On Thursday Microsoft held a marketing live stream to show off the third-party titles releasing on the upcoming next console, Xbox X. These games are only possible because the hardware lets these developers follow their dreams
, the head of a marketing department says during the stream. His eyes are unable to focus on the camera, occasionally glancing below to his screen, likely distracted by the information systems keeping him connected to his family, friends, and work. From the walls of the speaker’s room being the backdrop to the conference to the distracted discomfort of his eyes, capitalism’s facade of normalcy falls to the creeping touches of the pandemic. Yet the game corporations continue to market, sell, and work.
How could life possibly go on without corporate game news streams?
Many have already been critical of corporate actions during this crisis and I don’t want to reiterate on those words. What I found more interesting coming from that conference was the fan reactions to the game announcements. I read a lot of people on discords and twitter saying that the conference signaled the continued state of games being boring.
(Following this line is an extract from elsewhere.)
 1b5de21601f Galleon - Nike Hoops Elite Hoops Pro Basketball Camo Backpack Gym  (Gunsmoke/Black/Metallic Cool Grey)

Franchises had returned, trailers cut to the same action set pieces showed, and the familiar, half-dead slogans from marketing heads. A parkour futuristic FPS here, a new Assassin’s Creed there, and all made possible because they have an iteration of the new plastic homogenized box.
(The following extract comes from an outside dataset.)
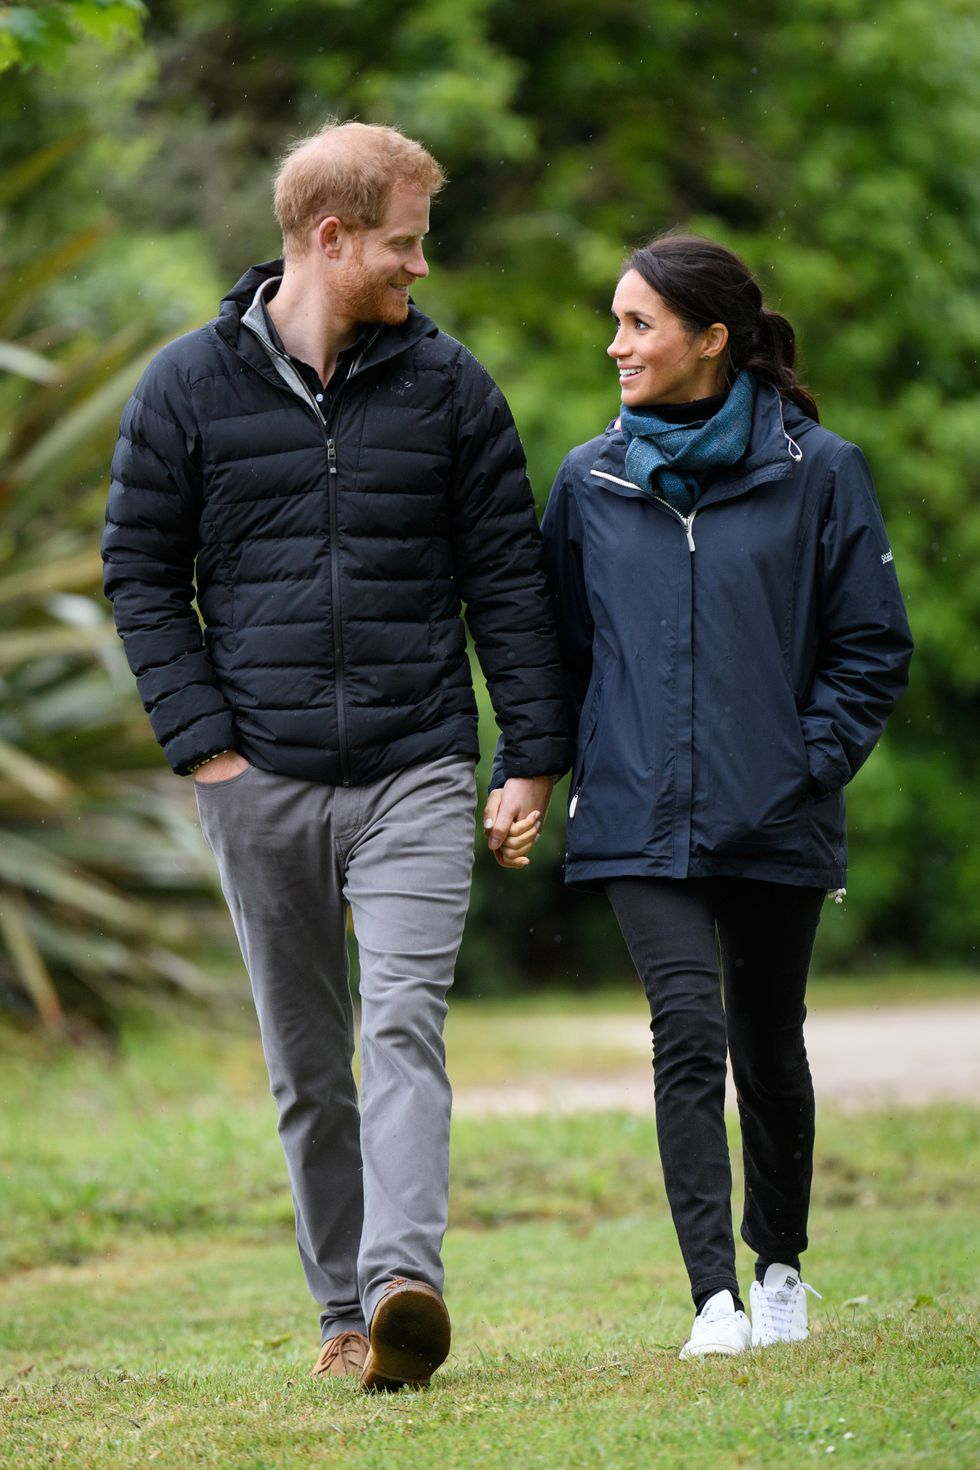 October 29, 2018. National Park, New Zealand

While there wasn’t much from the show that caught my eye, I found some of the discussion around the games start to get a little gatekeepy from people whose opinions I respect most of the time. Specifically, this was in reference to the trailer for the new release in the Yakuza franchise. Yakuza: Like a Dragon is so amazing but if you want to play it you HAVE to play 0–6 to really understand all of the character interactions.
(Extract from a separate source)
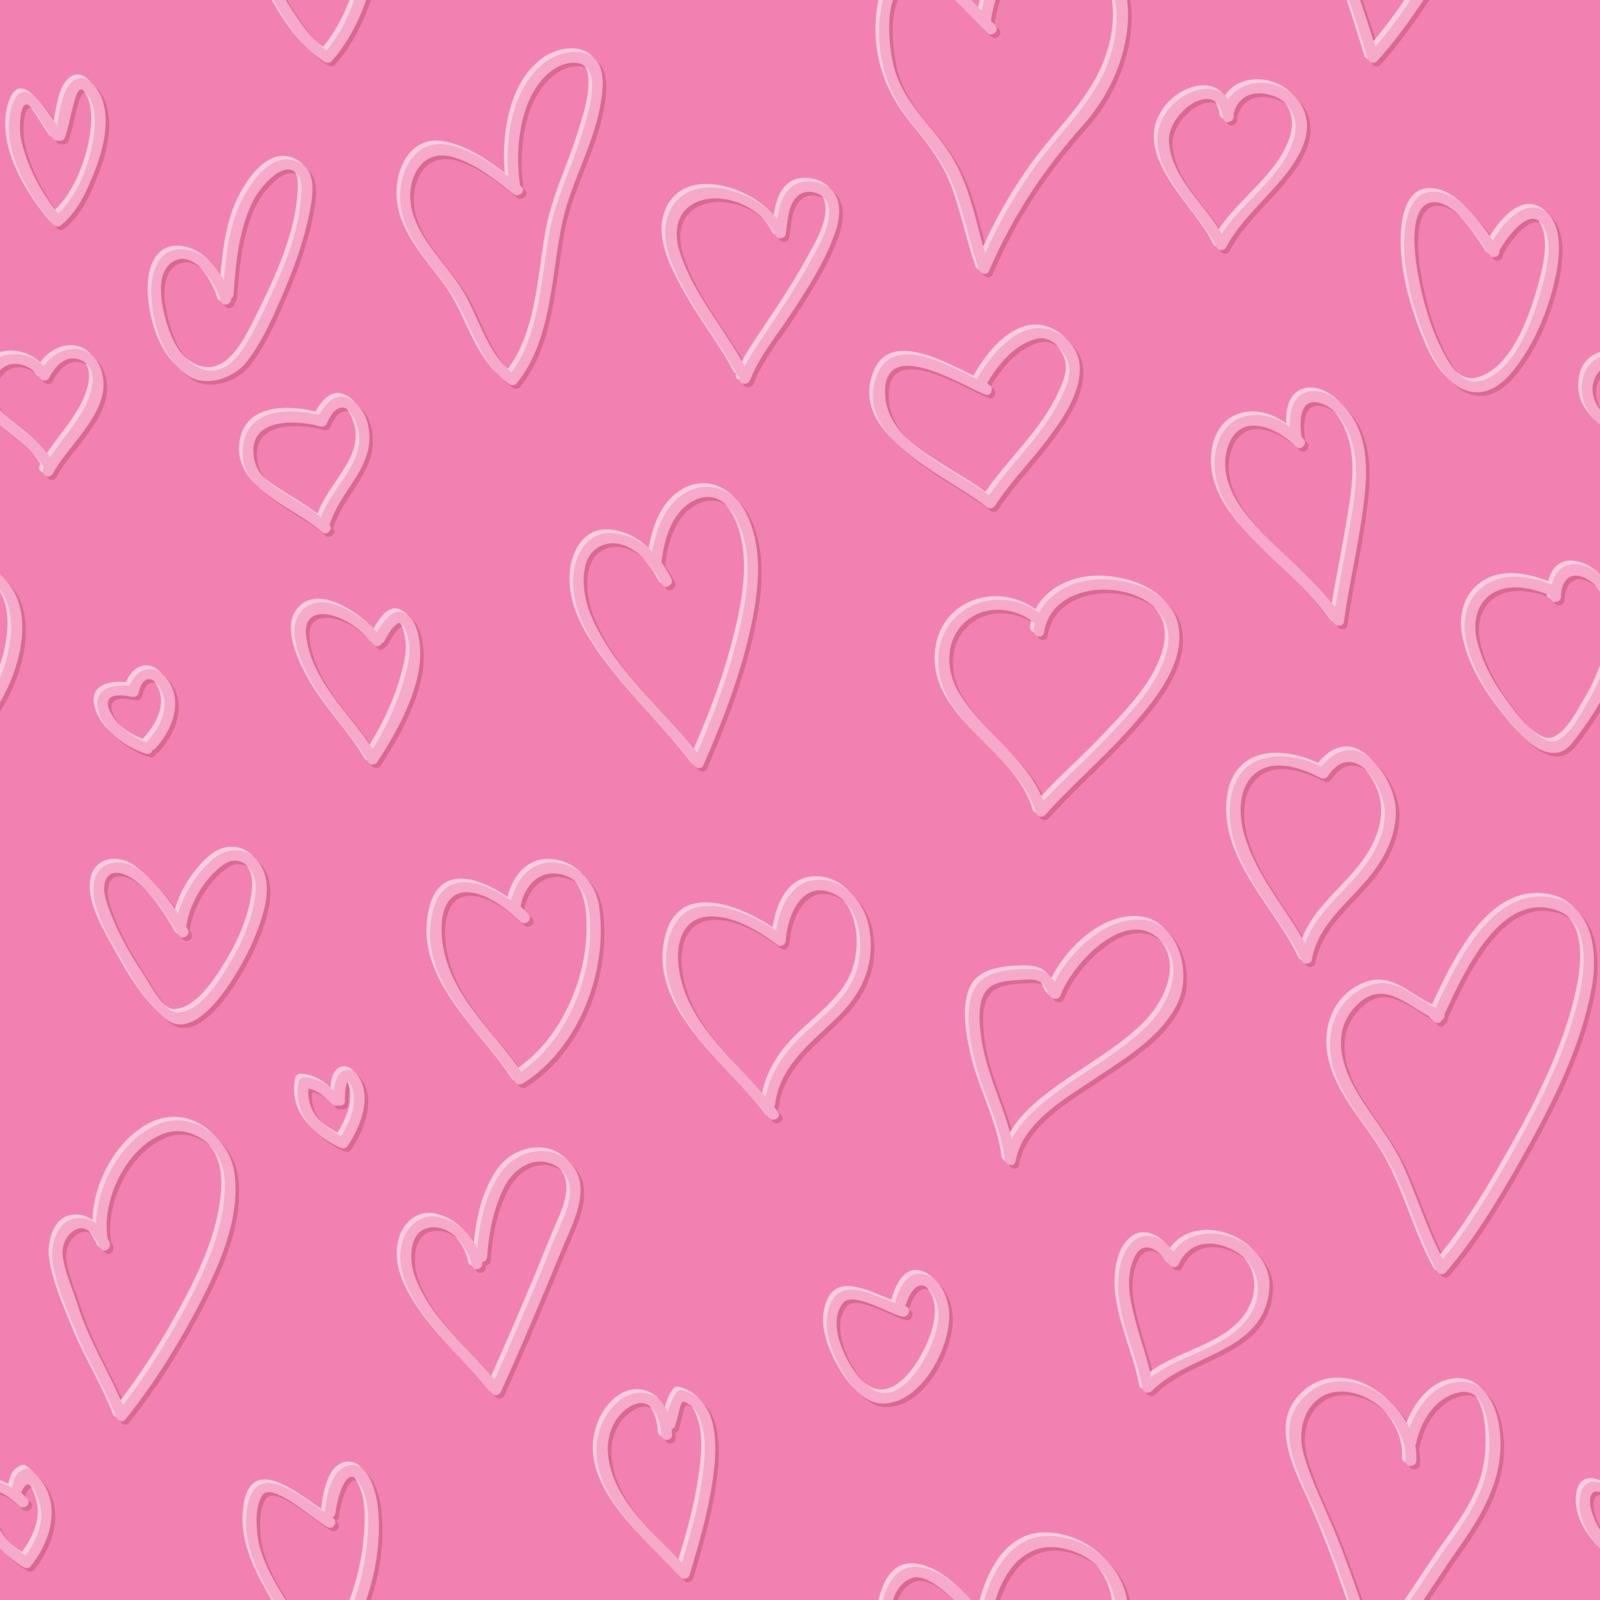 Sketch heart in vintage style, seamless pattern

While it is important to be critical of how game companies are treating customers and workers during the pandemic I wonder, how do players uphold these corporate structures by sanctifying media canons?
The sentiment is one that a lot of people have probably heard, depending on the communities and fandoms one intersects with. This is especially true as of late with the release of the Final Fantasy 7: Remake releasing to fans who have been drooling for decades. Final Fantasy 7: Remake has clearly been designed with the hopes that the player has played the original. If you haven’t played the original before, you are doing yourself a disservice.
O….K . These otherwise say, You disgraced pupil, you better educate yourself on years of arbitrary lore before you even think to touch something that was made for a fuckboy gamer like me.
If I wash the ashy taste in my mouth, perhaps the sentiment is more clear. This piece of media was an incredibly emotional experience for me that I cherish. I played some of these games at very memorable periods of my life and the arc of my life experience with them connecting to each other was what I would like others to experience as well.
When this statement is written this specific, the interaction becomes an act of sharing one’s personal experience, something intimate. The game loses its importance as an unbreakable thread that must be seen from the beginning to be unwound and becomes a person expressing their resonance with it instead. This, however, is not how these interactions are phrased, and instead the statements, such as the tweets aforementioned, becomes an argument in defense of canonical knowledge.
These canons are incredibly essential to this social phenomena, so I am going to go more in-depth with canons and talk about time travel. Please stick with me on this….
Due to the linear nature of existence, games are formed succeedingly within flow of time. If a sequel to a game is created, it can only be released after the creation of the initial game. This may seem incredibly obvious, but by recognizing this perception of time, it can be seen that products are designed to utilize this temporal movement.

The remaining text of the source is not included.